Many calculus survivors are left with nagging questions that haunt them their entire lives. While many turn to their therapists or religious leaders for answers, my niece searched at her uncle’s table. Now, though I am not a mathematician by profession, as I use mathematics to solve real-world problems, I happened to be available at the moment she began her existential search. “Shlomo, what is calculus used for anyway?” I began to wax poetically about all the myriad applications of integration and derivation.

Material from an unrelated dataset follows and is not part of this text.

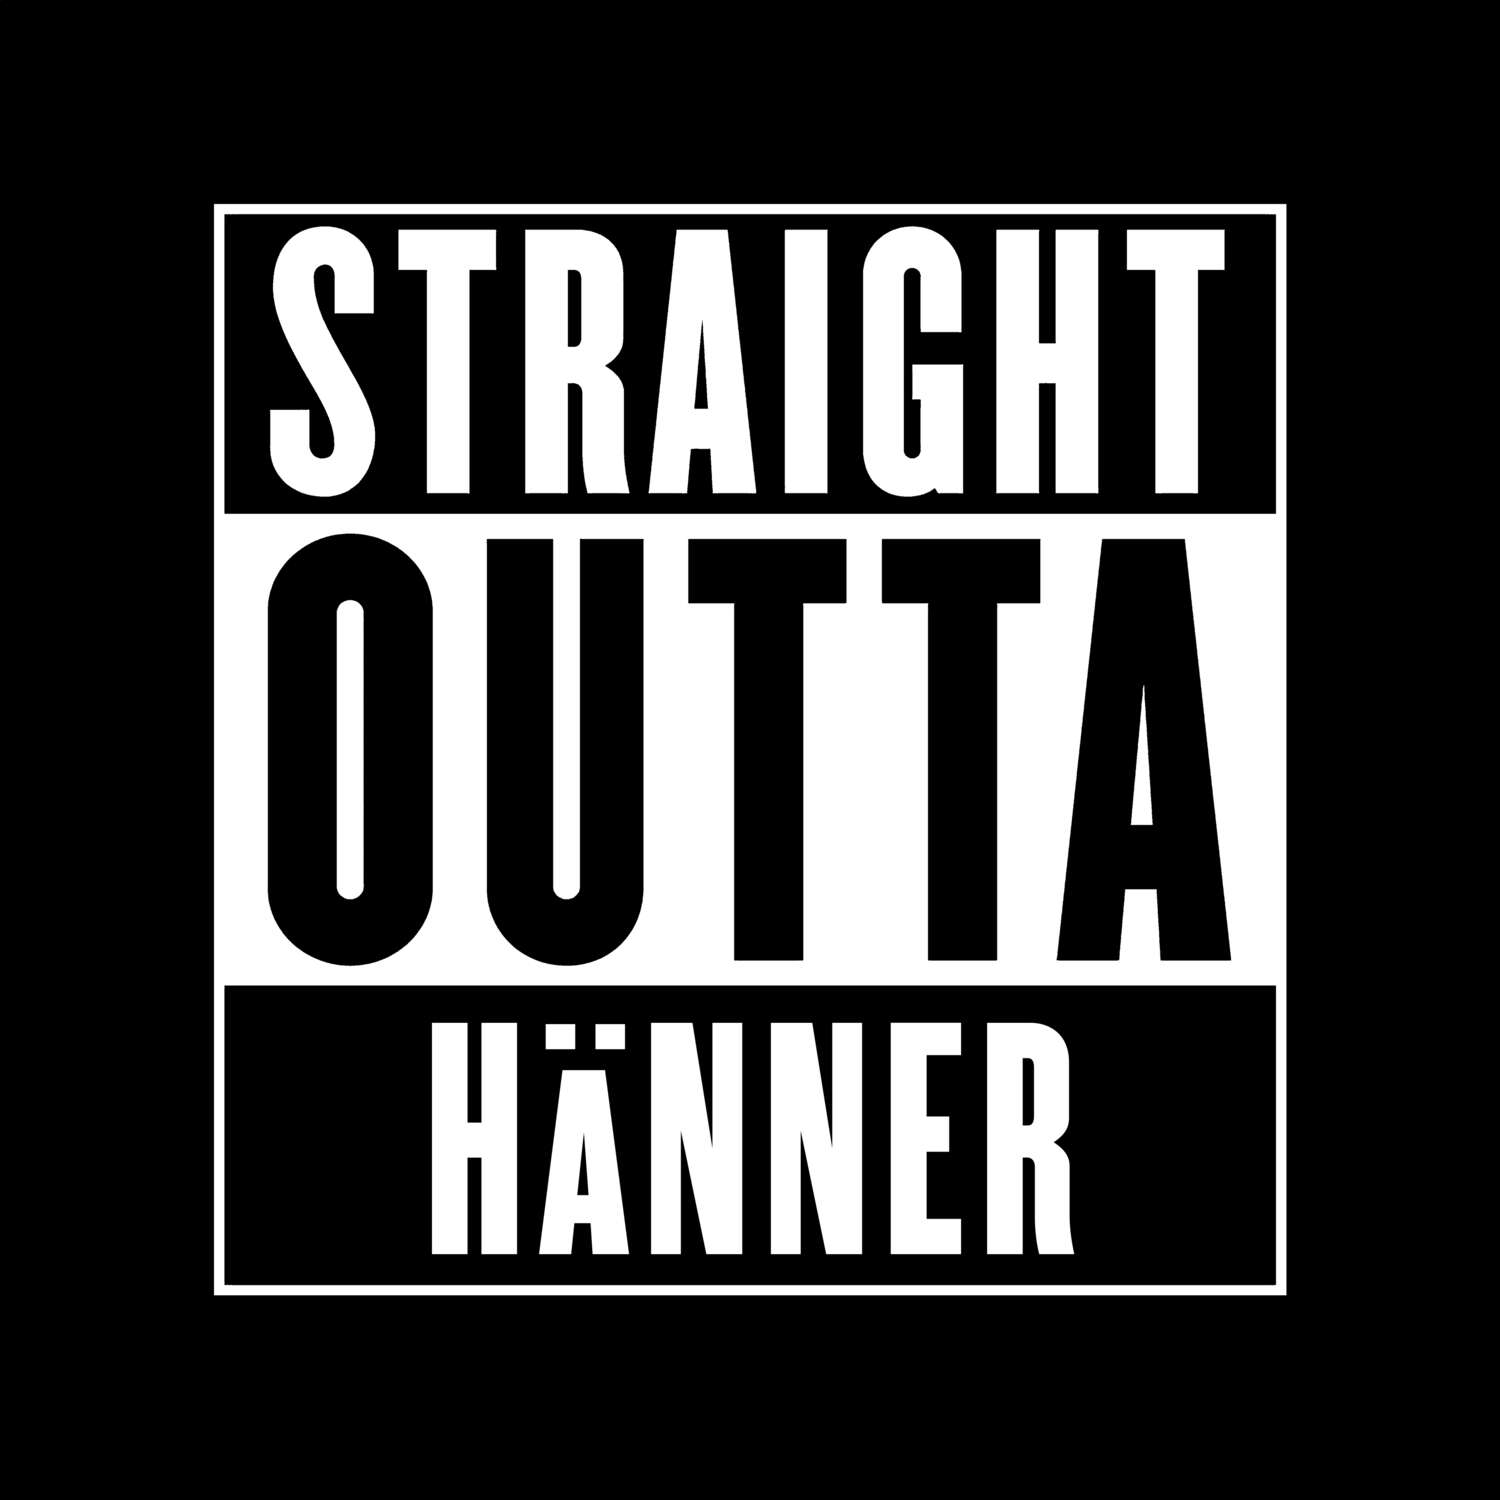 Hänner T-Shirt »Straight Outta«

Suddenly, she interrupted my soliloquy with the real dagger she had been secreting in her cloak: “What possible use could you have had for the cross-product?” Unfortunately for dear Shaindy, her thrust was parried by a serendipitous act of providence: we had just used the cross-product in our development just that week.
As I have lamented numerous times in the past, one of the most challenging parts of my job is explaining to the business side why tasks they find trivial, so trivial that they are almost unnoticeable, are difficult for a mechanized being. One such task is page segmentation. When a human looks at a page of text, they can adroitly identify where paragraphs start and end, where the tables and forms are on a page, and which text is in which cell. Yet for a computer, life is a bit more complicated. Vision, a sense that we take for granted, is actually a really complex task for a computer. All the computer gets as input are numerical values, and from these it needs to reconstruct the immensely rich complexity of color, form, shape, and function. To illustrate my point, I will stick to a relatively simple application that we worked on recently: extracting text from forms.
Let’s begin by breaking down the process into simple steps:
- Identifying the form on the page.
- Segmenting the form into its cells.
- Extracting the text from each cell.
- Identifying some logical ordering for the cell texts.
These steps give us a list of tasks, each of which needs to be dealt with separately.
Let us begin with the identification problem: how can the computer identify the form on the page? There are a variety of approaches to this problem:
- Deep Learning: train a model on a lot of images containing forms (ex. cats, cars); have the computer identify and confirm their existence, and then extract their location.
- Classical Computer Vision: Identify lines using a line detection algorithm ( e.g. Canny Edge Detection) and use the lines to reconstruct the position of a table.
These approaches each come with their trade-offs. Therefore, different practitioners, based on various considerations, choose different paths. We chose to attack this problem using the classical approach (after all, it is more fun. This plays more of a role in our decisions than we tell the business side). Using classical algorithms means that we need to solve the following subproblems (dizzy yet?):
- Find the lines.
- Filter out the lines that are not part of a table (they may be part of a character or a random crease on the page).
- Construct the boxes from the lines.
- Match the characters to their proper location.
- Do this all quickly.
To find the lines (step 1), we use a line detection algorithm from the package OpenCV which is a multi-stage algorithm that finds all continuous streams of pixels in an image. Due to the often poor quality of our images, lines would often get segmented into separate pieces even when representing the same entity. Here is an example:
As you can see, this image is a collection of horizontal lines found in a form containing signature lines. The circles are the endpoints of the line plots given to us by the algorithm, yet there are often multiple on the same line. Thus, in order for us to begin searching for boxes, we first need to merge the fragments into their ‘true’ lines and make sure that we are not merging two lines accidentally.
Once we have the correct lines, our next challenge is to find all the lines that intersect each other. Here my dear niece’s boogeyman, the cross-product, enters the fray. The cross-product of two vectors is a binary operation defined on vectors, which among other things, gives you the orientation of the vectors in a plane. While I will leave the technical details of this mathematical beauty to our under-appreciated mathematics teachers, I will delve a bit into one of its applications: finding whether two segments intersect in a plane.
Consider the following image:
Here we have two lines, AB and CD, and we would like to check if they intersect. If we take the inner product of AB with an imaginary line AC and the inner product of AB with AD, if C and D lie on opposite sides of AB, the inner products will have opposite signs. If you repeat this check from the other direction, you can verify that the lines intersect.
Using this, we can find for each line, which lines intersect it. Once we have this list of all the lines with their intersections, we can construct all the boxes on the page with the simple observation that if A is intersected by B and C, and B and C are then intersected by D, we have a box made up of lines ABCD.
Now that we have completed steps 1-3, and in the process assuaged the angst of dear Shaindy about the utility of cross-products, we will take our leave. The rest of our approach requires a detailed dive into the concepts of delta lattices and Voronoi Diagrams, which would bore our most devoted reader (even you Babushka).
So I will conclude with a message to all the people afflicted with mathematical trauma who are still tortured by the seeming meaninglessness of what they went through. Do not turn to the bottle; do not despair and go off to pursue a liberal arts education. Find your local applied mathematician and speak with him/her and they may help you understand that you have absorbed an invaluable skill that will only get more important and valuable to you the more you believe in it. When you see the power, when you see the beauty through their eyes, whatever path you choose, you will understand that your life is all the better for calculus.